*Task directions*. Among the records below, find the line that has "Tapis persan - Nomadic"; from there, give the lines again exactly, and stop after the line that has "Zapato clasico ante perforado marron".

╔══

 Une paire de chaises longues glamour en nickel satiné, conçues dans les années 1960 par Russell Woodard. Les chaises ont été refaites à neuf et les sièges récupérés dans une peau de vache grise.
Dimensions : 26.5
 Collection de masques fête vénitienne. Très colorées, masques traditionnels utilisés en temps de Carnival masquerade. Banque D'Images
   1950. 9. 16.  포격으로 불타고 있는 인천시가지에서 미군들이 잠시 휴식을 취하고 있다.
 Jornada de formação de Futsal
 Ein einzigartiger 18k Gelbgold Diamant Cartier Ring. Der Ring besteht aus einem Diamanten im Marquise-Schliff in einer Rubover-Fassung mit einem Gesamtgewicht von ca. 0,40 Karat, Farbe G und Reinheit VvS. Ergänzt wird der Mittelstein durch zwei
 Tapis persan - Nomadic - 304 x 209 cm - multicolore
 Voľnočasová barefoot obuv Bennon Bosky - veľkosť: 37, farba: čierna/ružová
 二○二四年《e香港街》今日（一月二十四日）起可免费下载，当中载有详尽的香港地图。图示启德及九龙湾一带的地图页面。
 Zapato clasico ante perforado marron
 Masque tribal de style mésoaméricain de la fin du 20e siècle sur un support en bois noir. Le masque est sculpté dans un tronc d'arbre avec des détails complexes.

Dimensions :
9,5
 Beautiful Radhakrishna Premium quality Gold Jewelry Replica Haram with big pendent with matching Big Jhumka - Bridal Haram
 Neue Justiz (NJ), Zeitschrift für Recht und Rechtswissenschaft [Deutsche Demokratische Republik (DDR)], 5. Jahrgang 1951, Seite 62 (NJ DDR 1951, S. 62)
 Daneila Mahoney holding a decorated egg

╚══

*Exercise solution*.
 Tapis persan - Nomadic - 304 x 209 cm - multicolore
 Voľnočasová barefoot obuv Bennon Bosky - veľkosť: 37, farba: čierna/ružová
 二○二四年《e香港街》今日（一月二十四日）起可免费下载，当中载有详尽的香港地图。图示启德及九龙湾一带的地图页面。
 Zapato clasico ante perforado marron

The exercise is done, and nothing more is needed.